Nos asignaron una habitación. Mi acompañante de parto pidió una pelota, apagó las luces y se quedó a mi lado, respetando mi silencio y mi estado de concentración. El tiempo me pasó muy rápido, dos horas me parecieron 20 minutos y las 2pm ya estaba de 5cm y entraba en la bañera. Mi ginecólogo entró a saludarme, yo no le respondí y el no insistió. Se marchó y me dejó con dos matronas maravillosas. Pasaron 2 horas en silencio dentro del agua, respirando y escuchando música relajante. Mi acompañante de parto practico técnicas de anclaje para ayudarme a profundizar en mi hipnosis y las olas se volvieron más intensas. La matrona me sugirió salir de la bañera para que no me bajara la tensión, y yo le dije que no podía salir, le dije si salgo quiero epidural, ella tan solo dijo “con epidural será más largo, ya estás casi al final y eso me convenció a no perder el ánimo. Ella se mantuvo con mucha calma, me realizó un tacto, estaba ya de 8 cm y la niña venía en posición correcta, pero no se rompía la bolsa del líquido amniótico. Me quedé en el agua caliente otra hora más- ayuda mucho a relajarse entre olas- y cuando me decidí a que me ayudaran a romper la bolsa, me puse de rodillas con intención de incorporarme y oí un sonido como “pop” se rompió sola. Aquí aumento de nuevo la intensidad de las olas y empezó el descenso de la cabeza y las ganas de empujar, intenté respirar y no empujar pero me resulto imposible. Utilicé mucho la voz para realizar expiraciones muy largas en forma de “j” para ayudar a que la bebé saliera. Yo seguía en el agua en posición horizontal con una pierna colgada dentro de una tela que colgaba del techo. El expulsivo no fue rápido, la cabeza salió en 6 o 7 olas y eso permitió al tejido perineal distenderse de forma gradual y no rasgarse - no me pusieron ni un solo punto. Yo tuve a mi bebé sola en el agua mientras las matronas y el ginecólogo miraban desde fuera en silencio. Su cuerpecito salió entero dentro del agua a las 6pm y la matrona la colocó sobre mi pecho mientras mi acompañante cortaba el cordón.
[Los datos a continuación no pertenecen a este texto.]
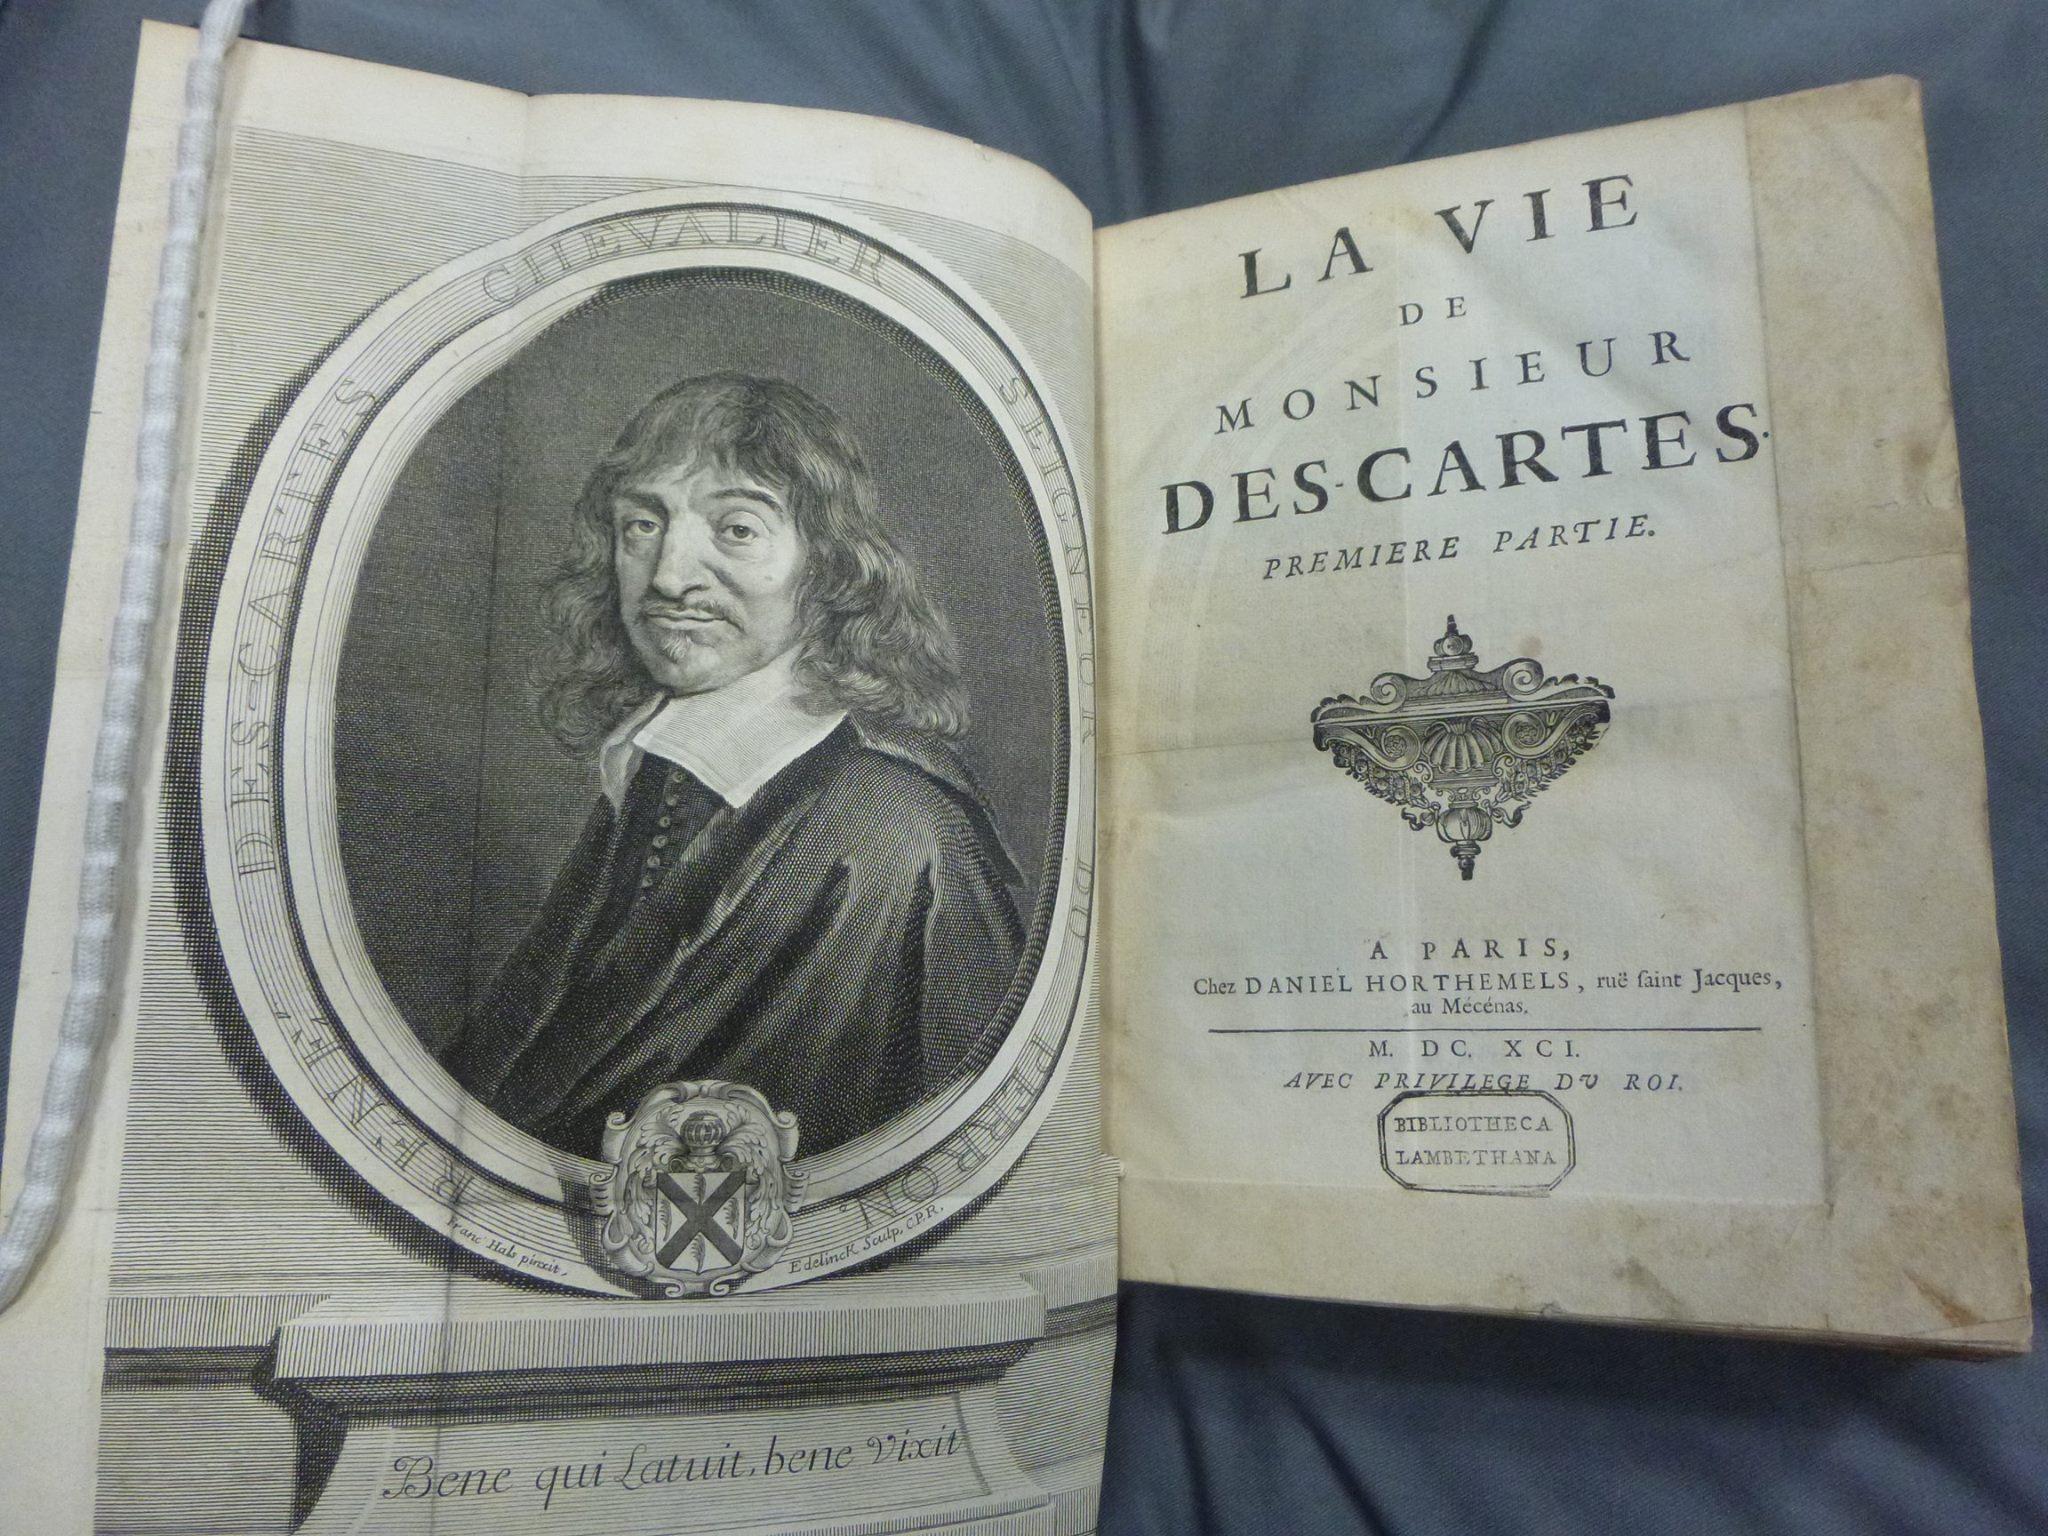 MottoRené Descartes dalam buku biografinyaLa vie de monsieur Descartes. Sumber gambar:Lambeth Palace Library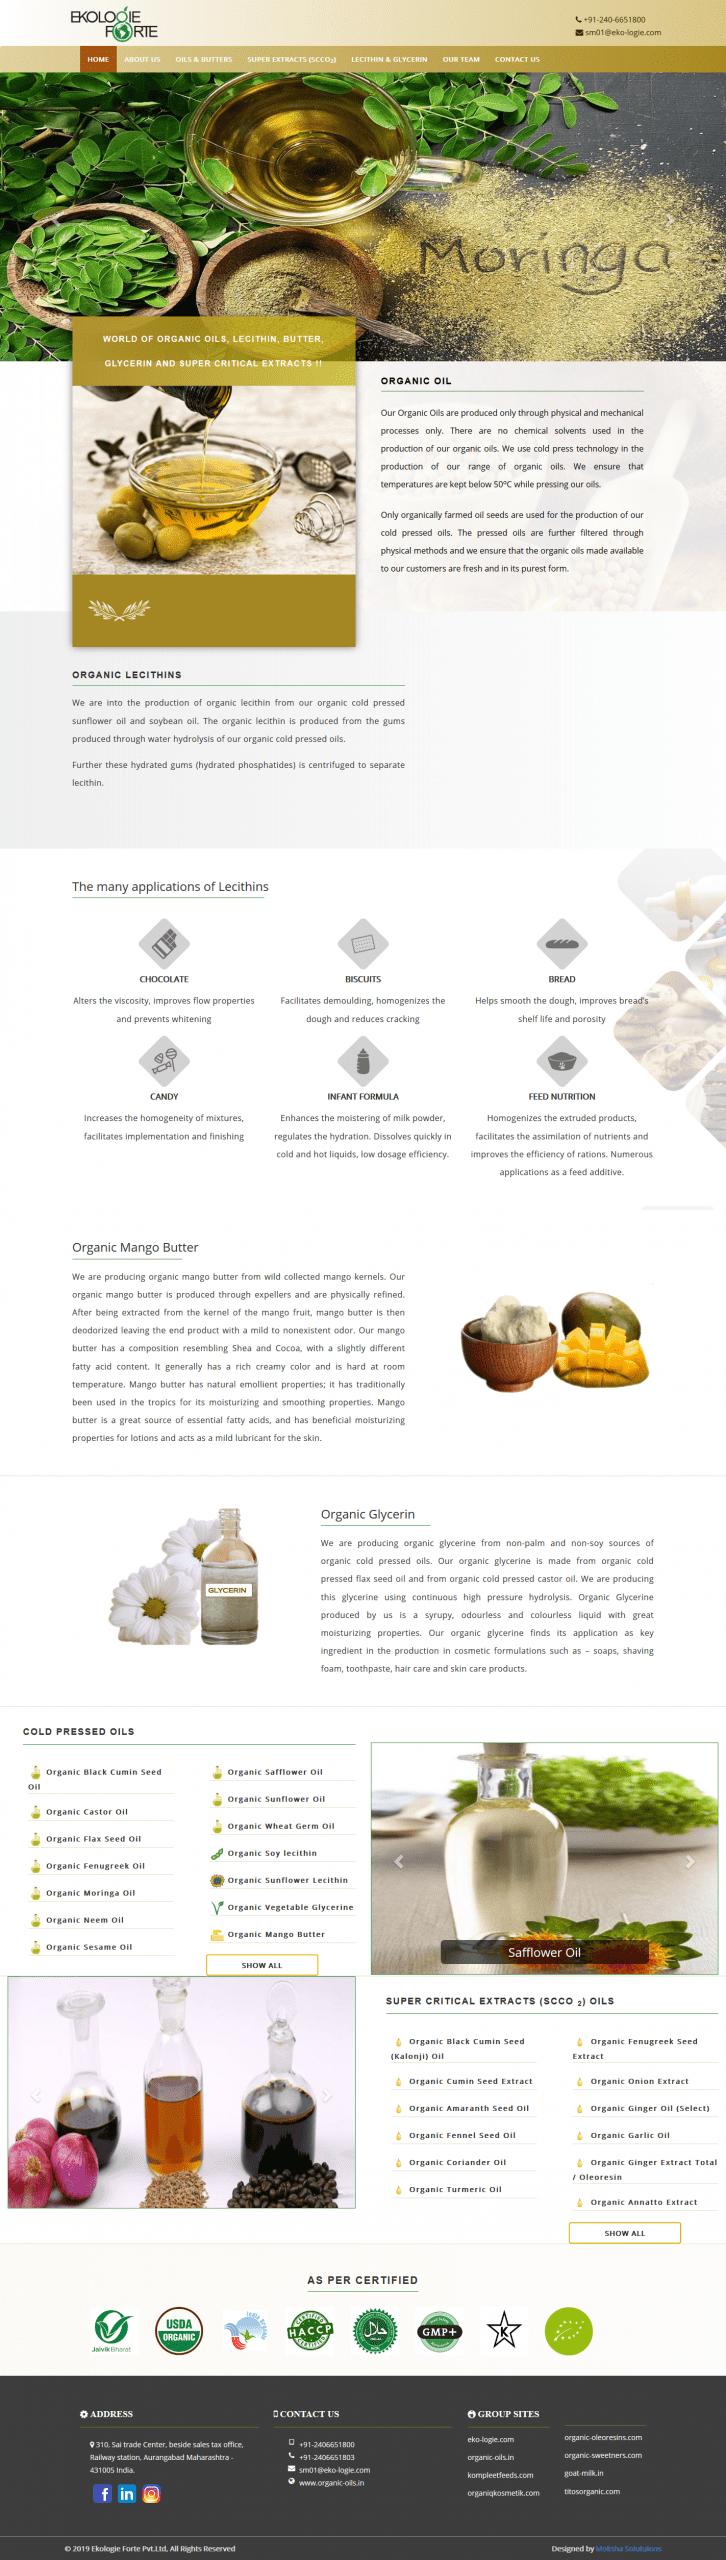 Website design and web development company Aurangabad

Vaciaron la bañera y salimos del agua para alumbrar la placenta en la camilla y comprobar que todo estaba bien.

 

Estuvimos 2 horas en paritorio recuperándonos las dos piel con piel. A los 15 min de nacer encontró el pecho y empezó a succionar con total naturalidad. Todo el personal médico me dio la enhorabuena por un parto muy bueno y “bonito”. Mi recuperación fue inmediata. A la mañana siguiente podía caminar y sentarme con total naturalidad. Sin duda volvería a repetir la experiencia del mismo modo! Gracias Sandra y gracias a todos los que me han apoyado para tener un parto natural de forma positiva y relajada.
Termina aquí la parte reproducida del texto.